Let *G* be a group, and *S* an inverse-closed subset of *G* not containing the identity. The *Cayley graph* Cay(*G,S*) is the graph with vertex set *G*, in which two elements *g* and *h* are joined if and only if *hg*^{−1}∈*S*. The fact that *S* is inverse-closed makes the graph undirected, and the fact that it doesn’t contain the identity makes the graph loopless. The group *G* acts on itself by right multiplication; this action embeds *G* into the automorphism group of the Cayley graph.

Now each of the following two definitions occurs in the literature:

- The Cayley graph Cay(
*G,S*) is*normal*if the set*S*is closed under conjugation in*G*; equivalently, the action of*G*by left multiplication is also contained in the automorphism group of the Cayley graph. - The Cayley graph Cay(
*G,S*) is*normal*if*G*(embedded by the right action as before) is a normal subgroup of the automorphism group of the graph.

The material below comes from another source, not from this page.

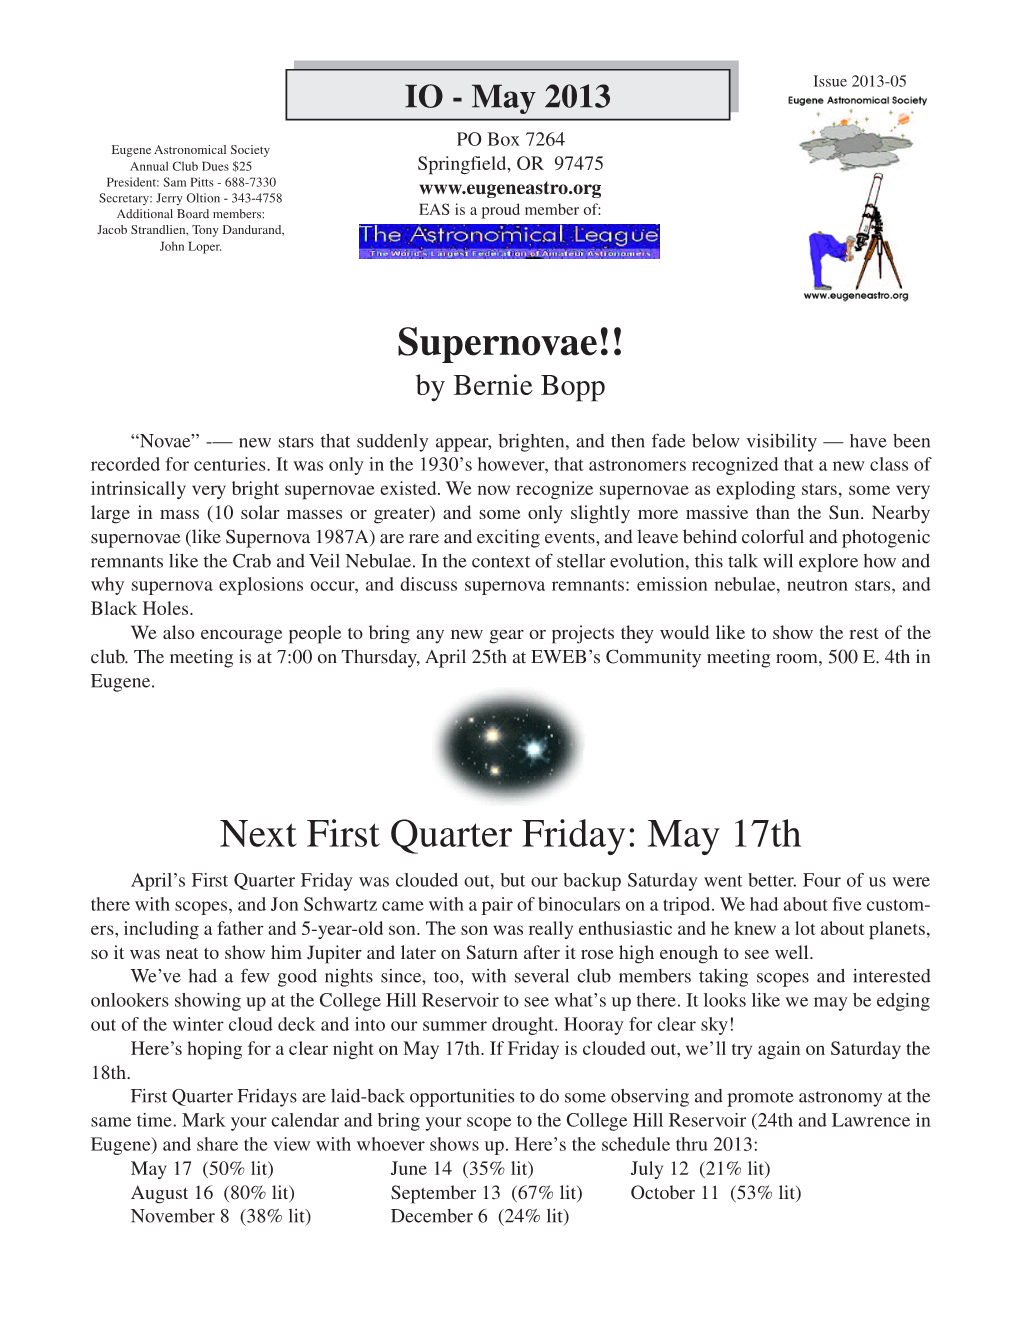 May 17Th Supernovae!!

These two definitions are quite different. Indeed, the second one restricts the symmetry of the graph (its automorphisms are all contained in the normaliser of *G* in the symmetric group), while the second expands it (the left, as well as the right, action of *G* consists of automorphisms).

The complete graph on *G* is a Cayley graph for any group *G*; it is normal in the first sense but not the second (if the order of *G* is greater than 4). On the other hand, the Cayley graph of *S*_{3} with respect to two of its transpositions is a 6-cycle, and its automorphism group contains *S*_{3} as a (normal) subgroup of index 2; so it is normal in the second sense but not the first (since the three transpositions are conjugate).

Both terms, as I said, are well-established, and it is probably too late to change the terminology now.

This was on my mind because of recent events. The argument about synchronization for groups with regular subgroups mentioned in the last-but-one post depends on a relevant graph being a normal Cayley graph (in the first sense); but I learned about the result of Cai and Zhang at the conference in Shenzhen, which also had a talk about normal Cayley graphs (in the second sense).

Philosophers of mathematics argue about whether mathematics is discovered or invented. In the book of Genesis we read that God created the animals but Adam gave them their names. I think what the examples above show is that, whether mathematics is discovered or invented, the names we give to the concepts are our own invention.